Back when I was younger, I was constantly regretting this or that. I shouldn't have dated him, I shouldn't have gone there, I shouldn't have bought that, I shouldn't have wasted my time. I thought it about over and over again. In fact, I have been thinking about about it a lot lately. Life is too short so I've been getting angry at myself for making mistakes that I am regretting now. Then to make matters worse, I am worried that I'm doing something now that I may regret later. This whole vicious cycle of regret and worry had to end and it made me realize something - hopefully not too late.
Every thing I have done in my life no matter how big or small had to be done to get me to my life today. Because if I play the "what if" game, then my life would not be what it is. I'd not have Jared and Lyla in my life, I'd not be working where I am, and I'd probably not have experienced all that I have. I had to make some mistakes along the way and I had to do somethings that maybe I'd regret. But in all honesty, I am fine with those now. There are too many "what if" moments that keep playing in my mind and even though those "what if" moments still lead me to my current life, there is no guarantee. There is guarantee that if I'd gone to a different college I still would have met Jared.
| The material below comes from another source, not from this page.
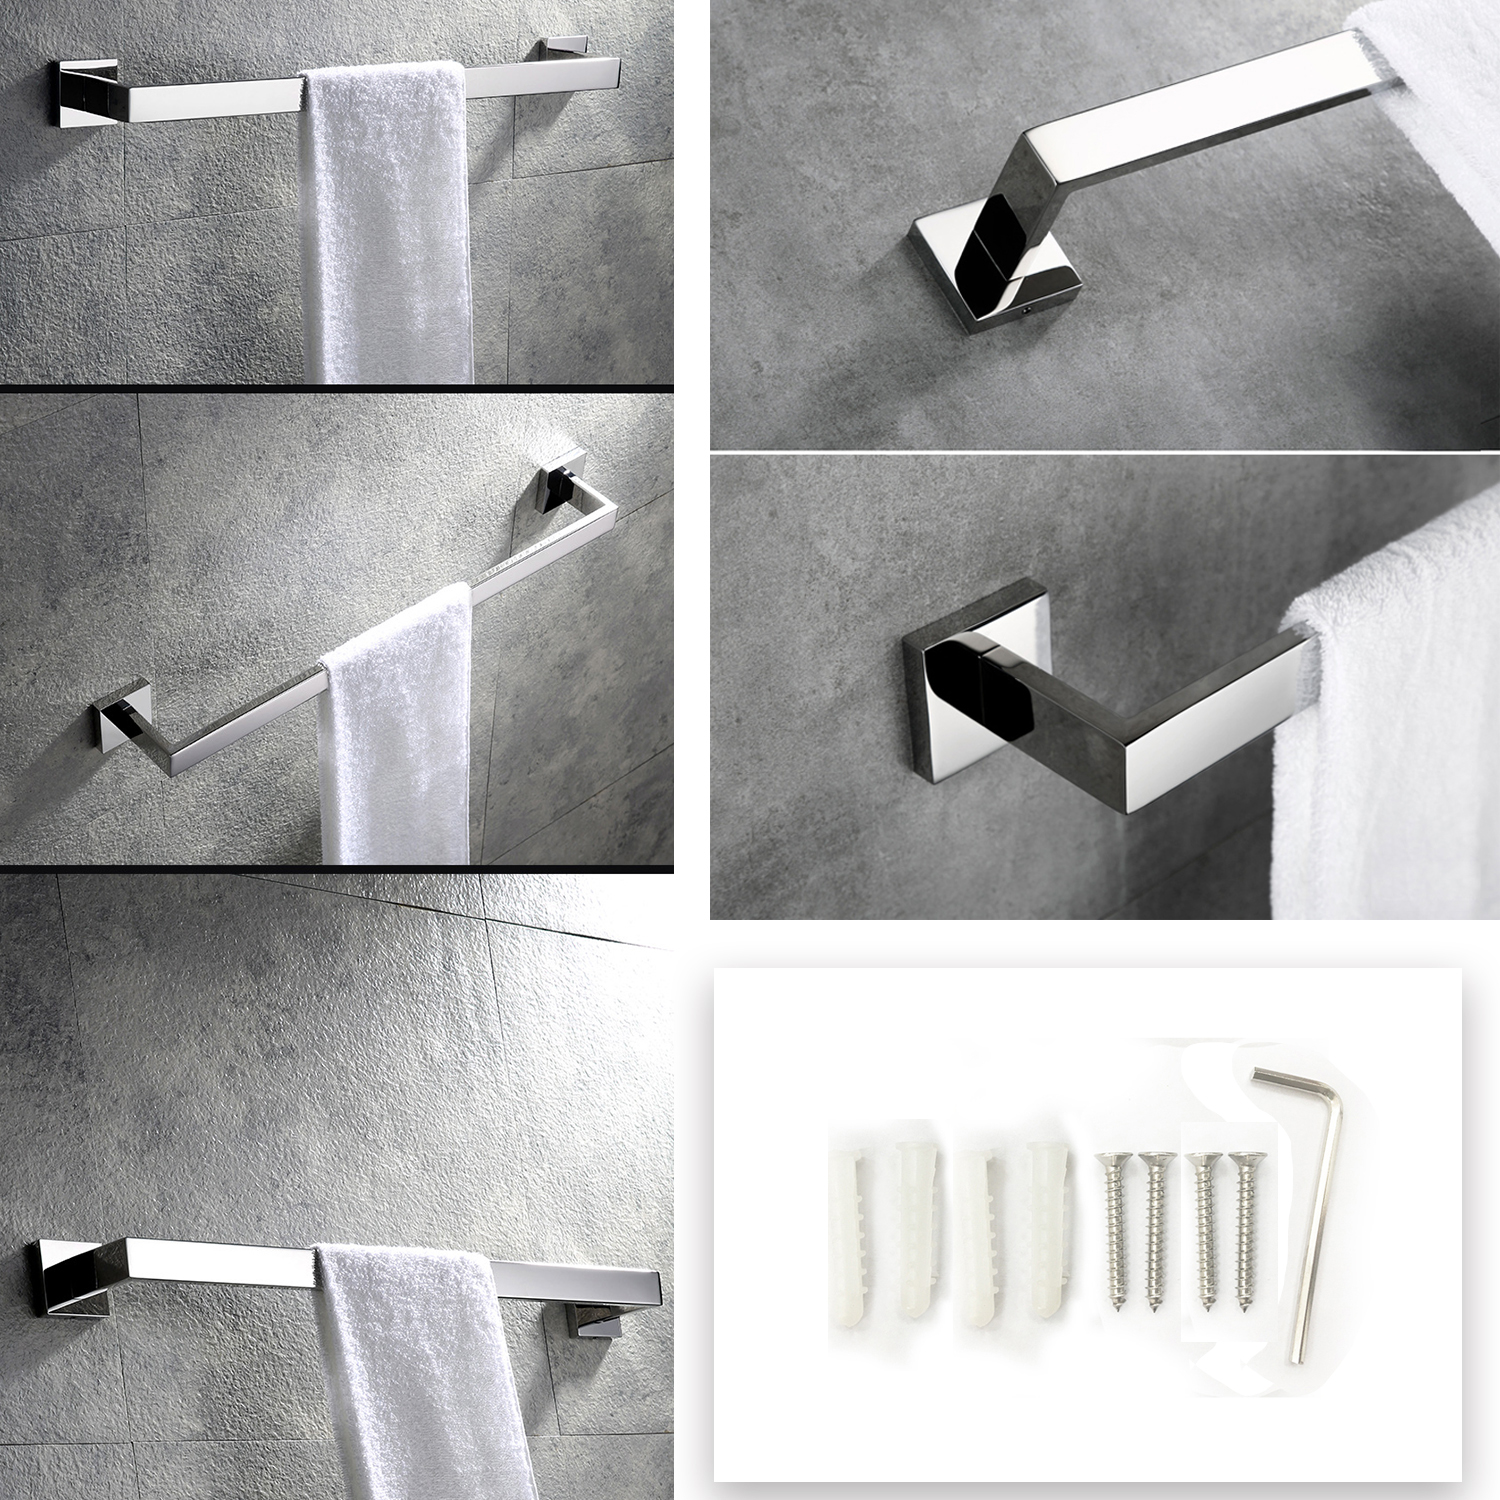 Bathroom Hardware Set Accessories 4-Piece Paper Towel Holder Towel Bar Set Towel Rack Robe Hook Bathroom Decor Stainless Steel
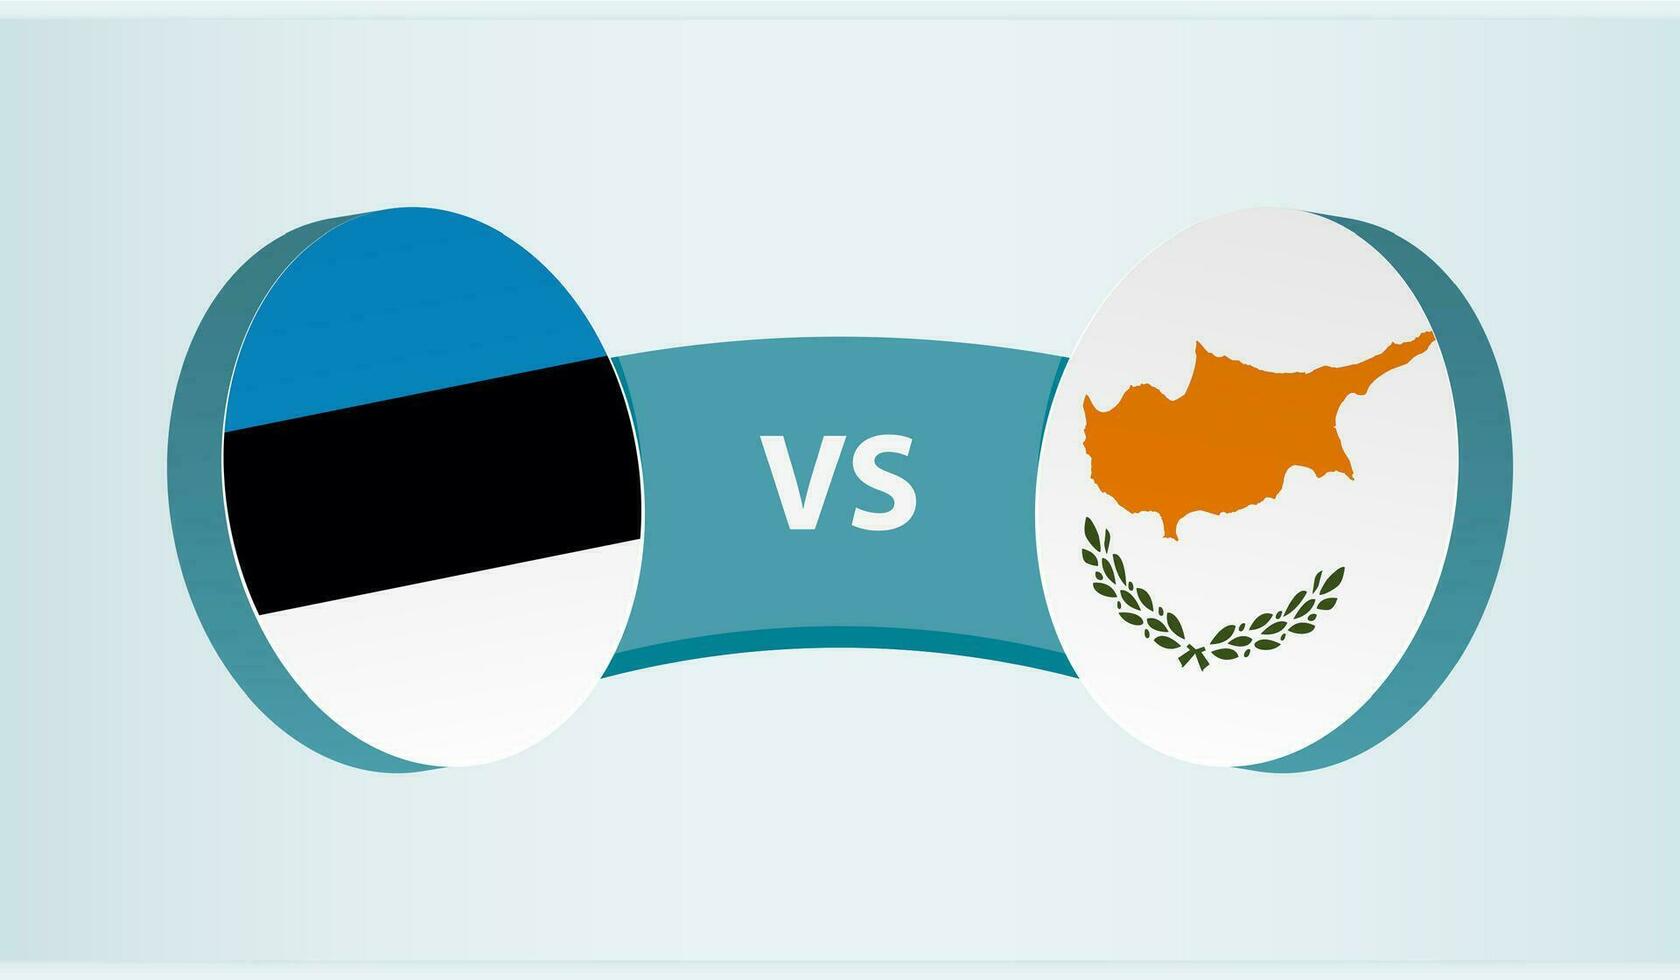 Estonia versus Cyprus, team sports competition concept. vector

There is no guarantee that if I had not been ill, had been able to travel like I had planned, I would have still married Jared. I won't even go into how without Jared there is no Lyla.
So I guess I had a big "Aha!" moment this past weekend since I had some time to think. I'm living my life with no regrets. Regret is not even a word I know or use anymore. Everything that has happened has for a reason. I'm glad where I've ended up and am grateful.